WORK TO BE COMPLETED ->
Set down a true copy of the data, with all pictures left out.

DATASET EXTRACT ->
Segment Open

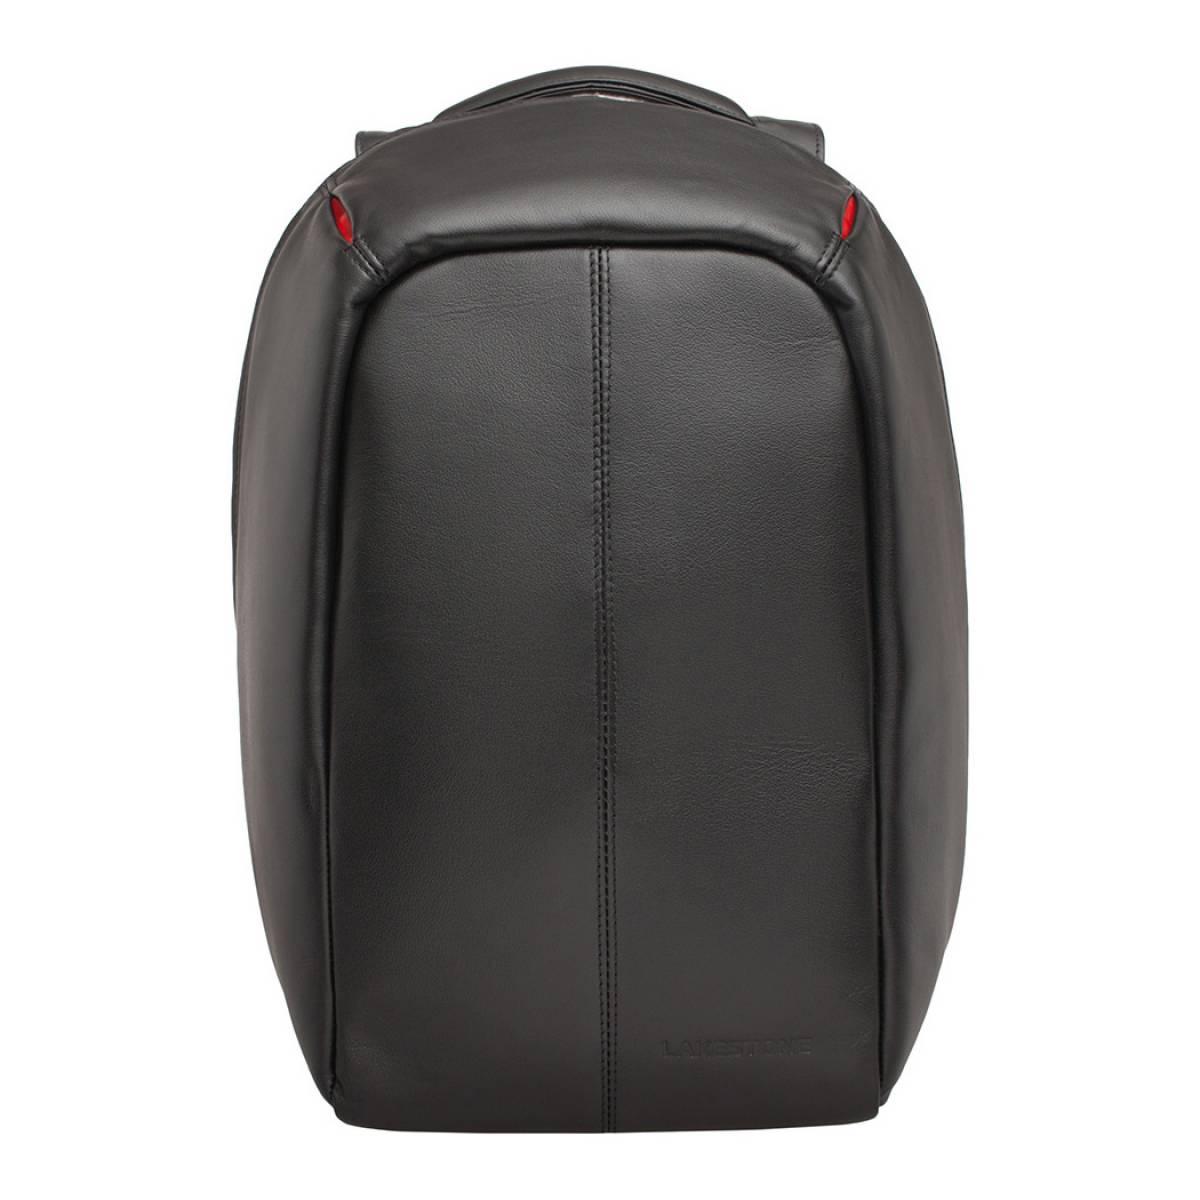 Мужской кожаный рюкзак Blandford Black
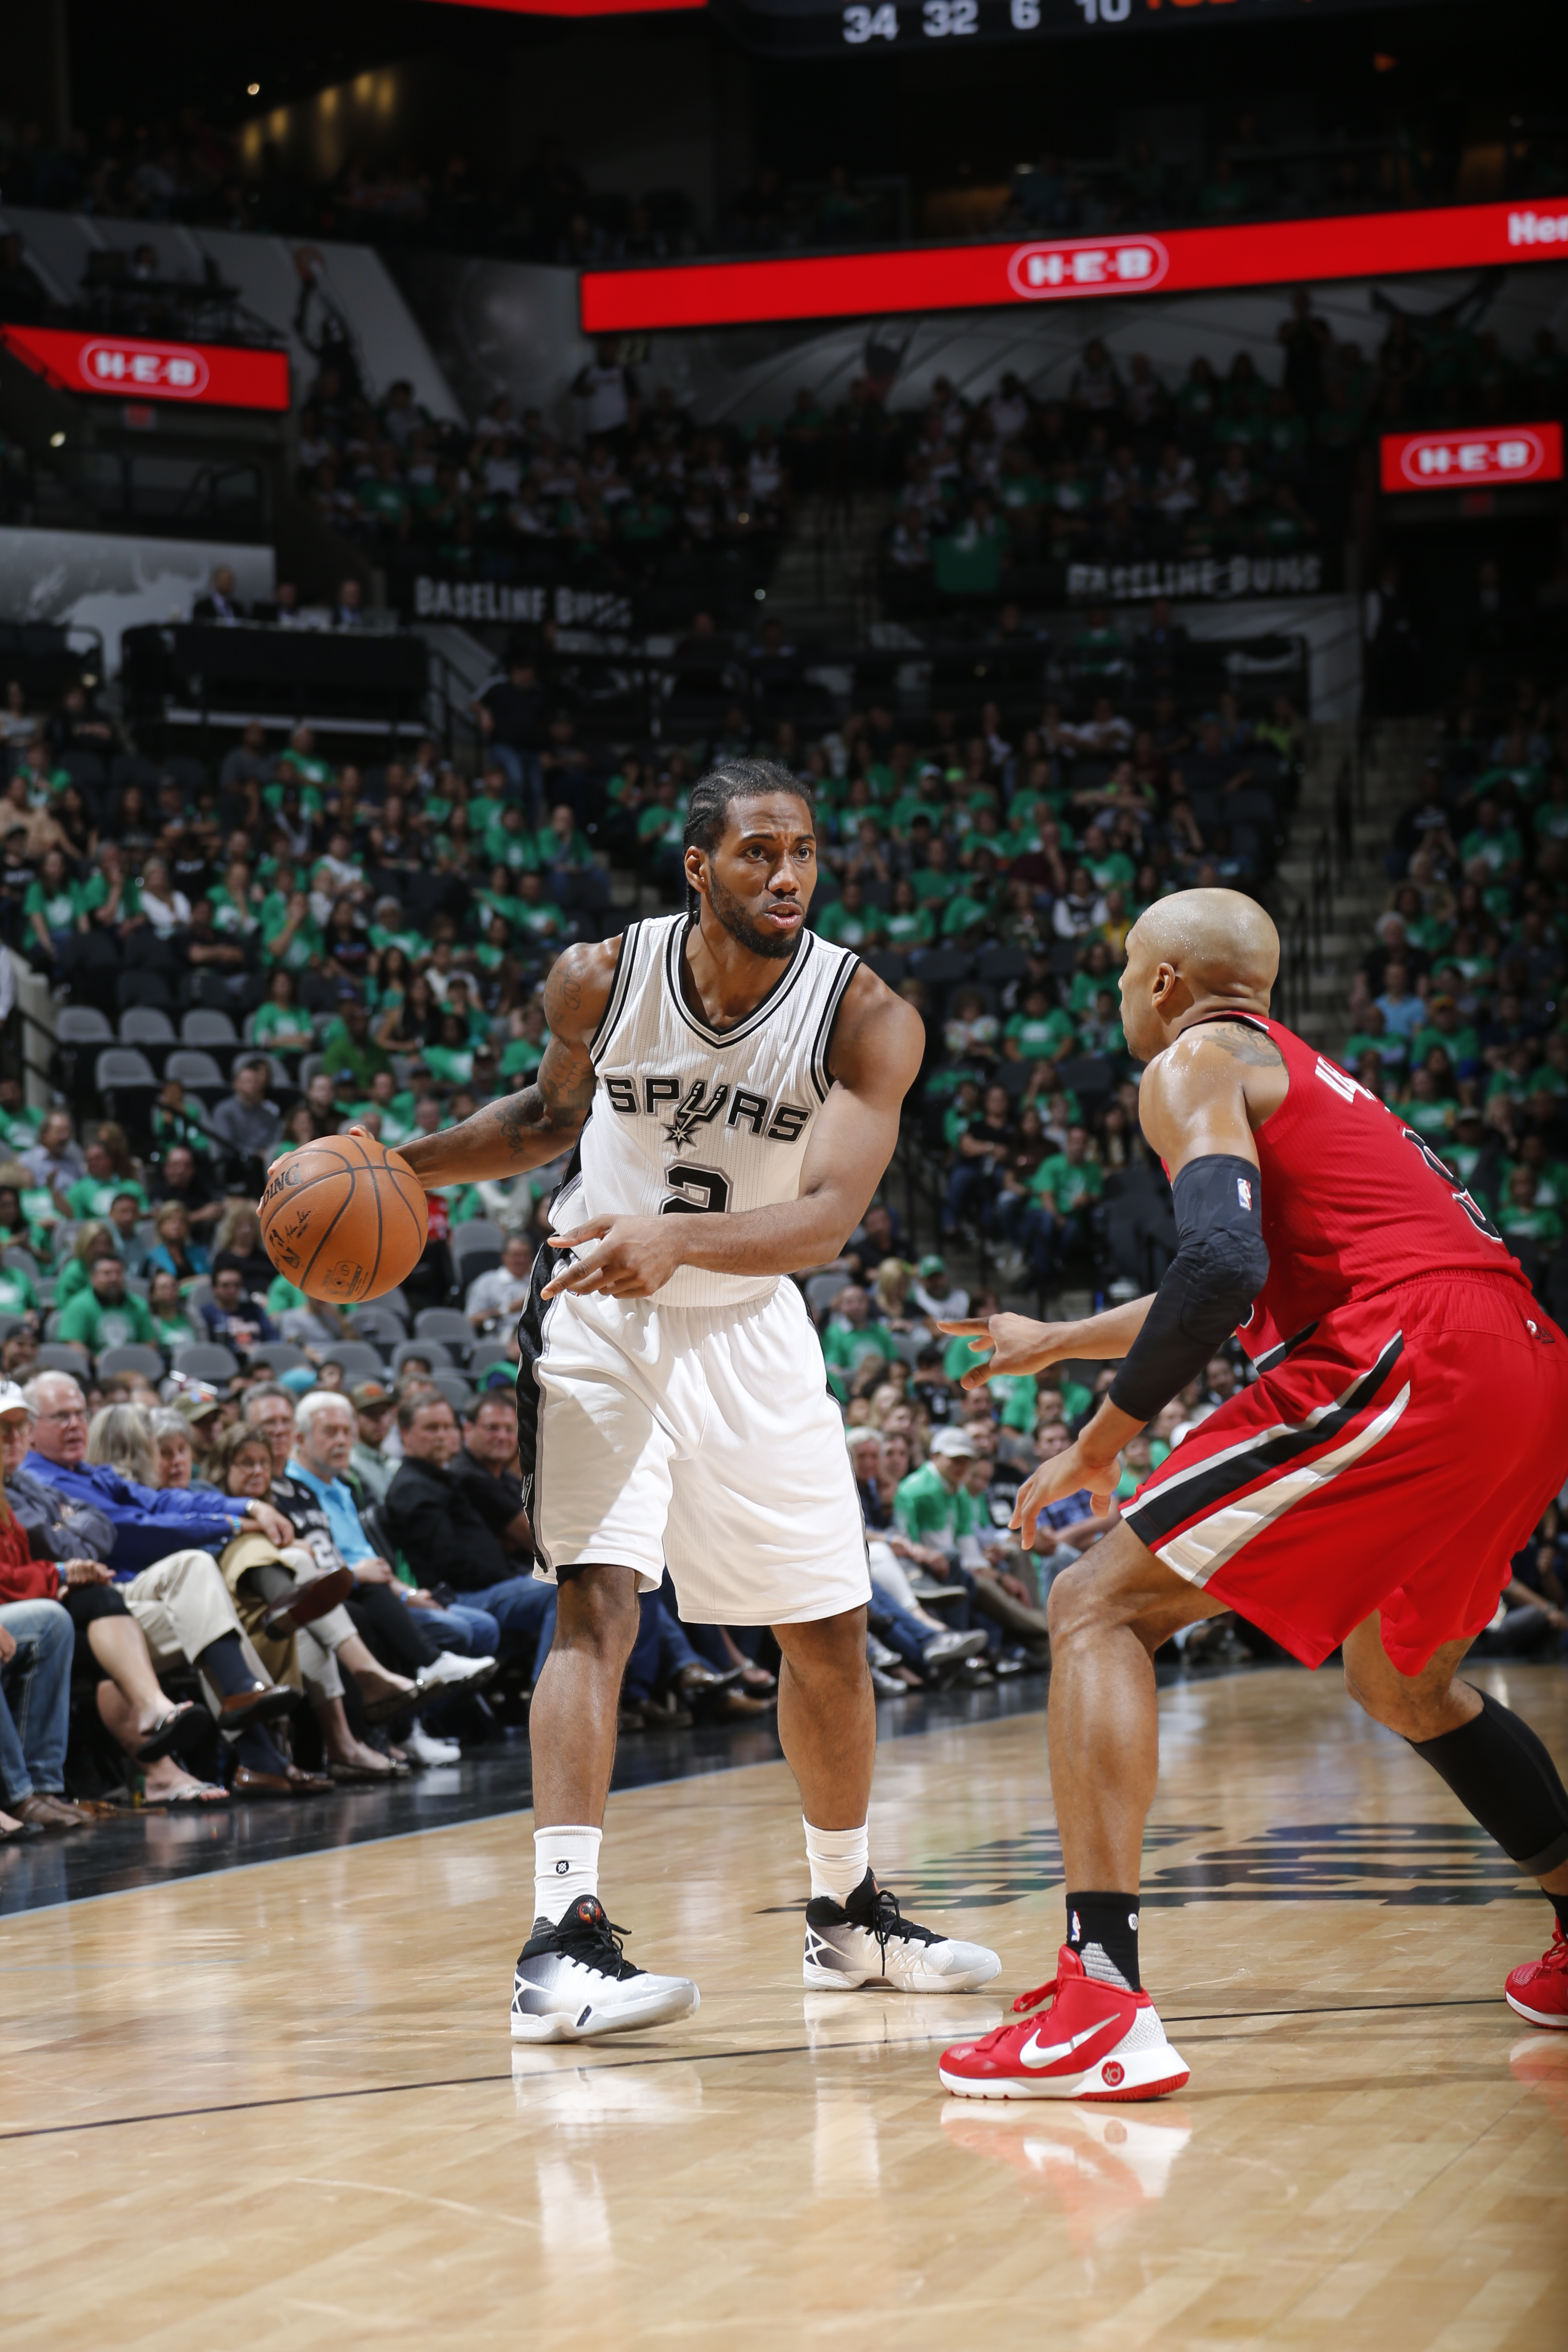 SAN ANTONIO, TX - MARCH 17:  Kawhi Leonard #2 of the San Antonio Spurs handles the ball against the Portland Trail Blazers on March 17, 2016 at the AT&T Center in San Antonio, Texas.
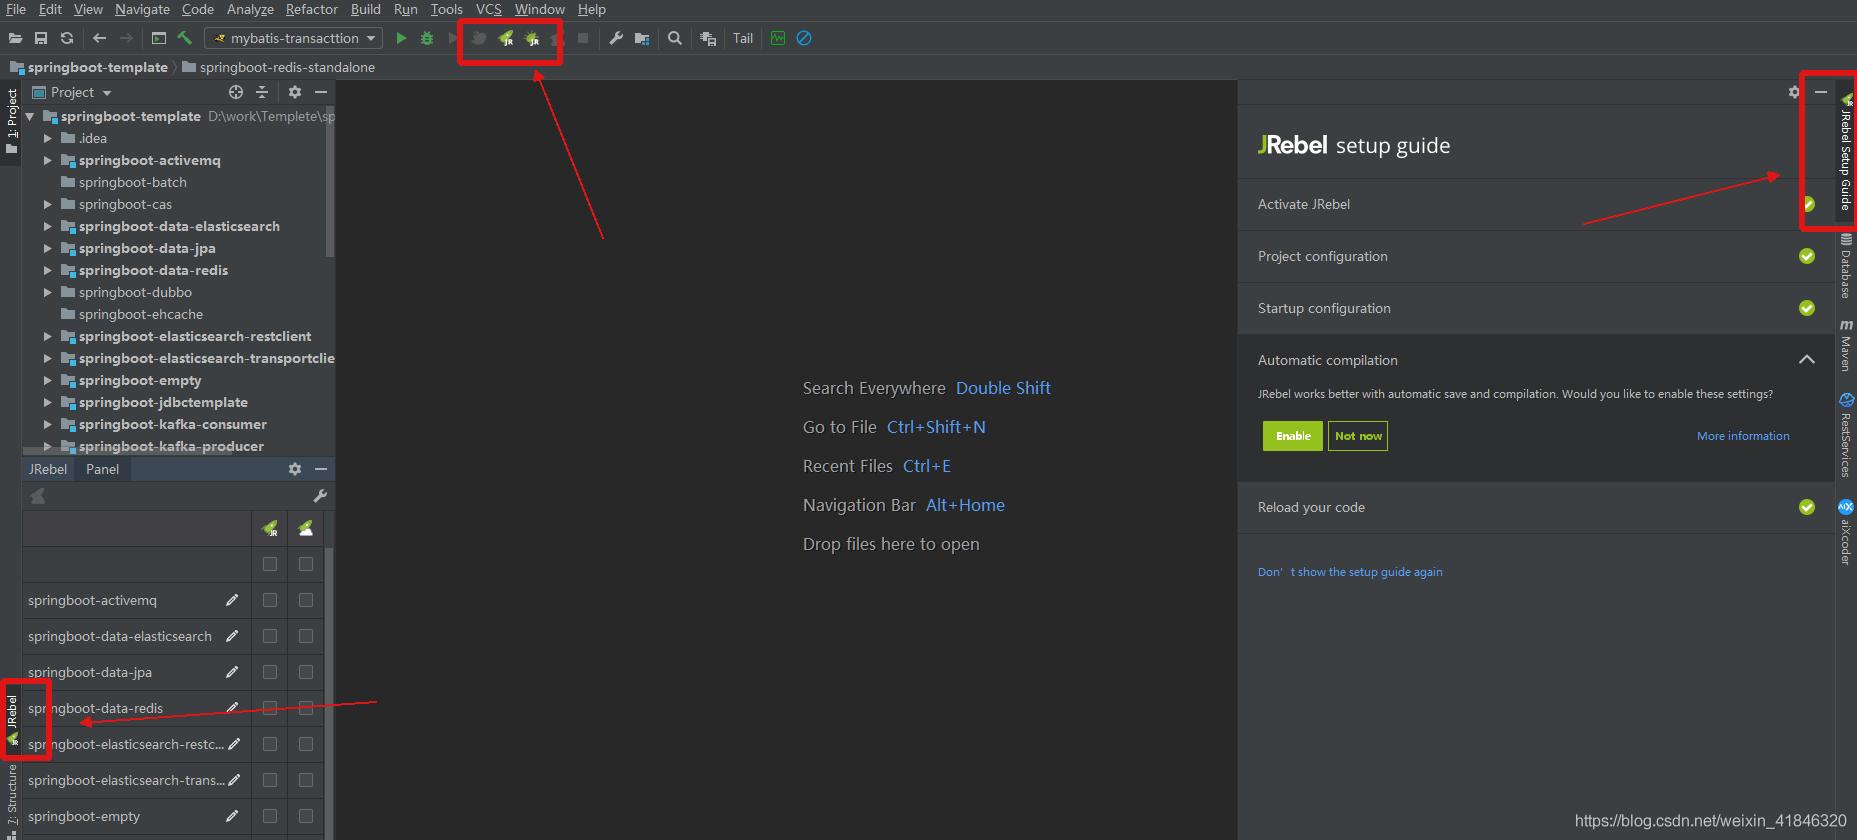 IntelliJ Idea 常用12款插件(提高开发效率),附优秀主题插件插图(18)

Segment Closed

RESPONSE AREA ->
 Мужской кожаный рюкзак Blandford Black
 SAN ANTONIO, TX - MARCH 17:  Kawhi Leonard #2 of the San Antonio Spurs handles the ball against the Portland Trail Blazers on March 17, 2016 at the AT&T Center in San Antonio, Texas.
 IntelliJ Idea 常用12款插件(提高开发效率),附优秀主题插件插图(18)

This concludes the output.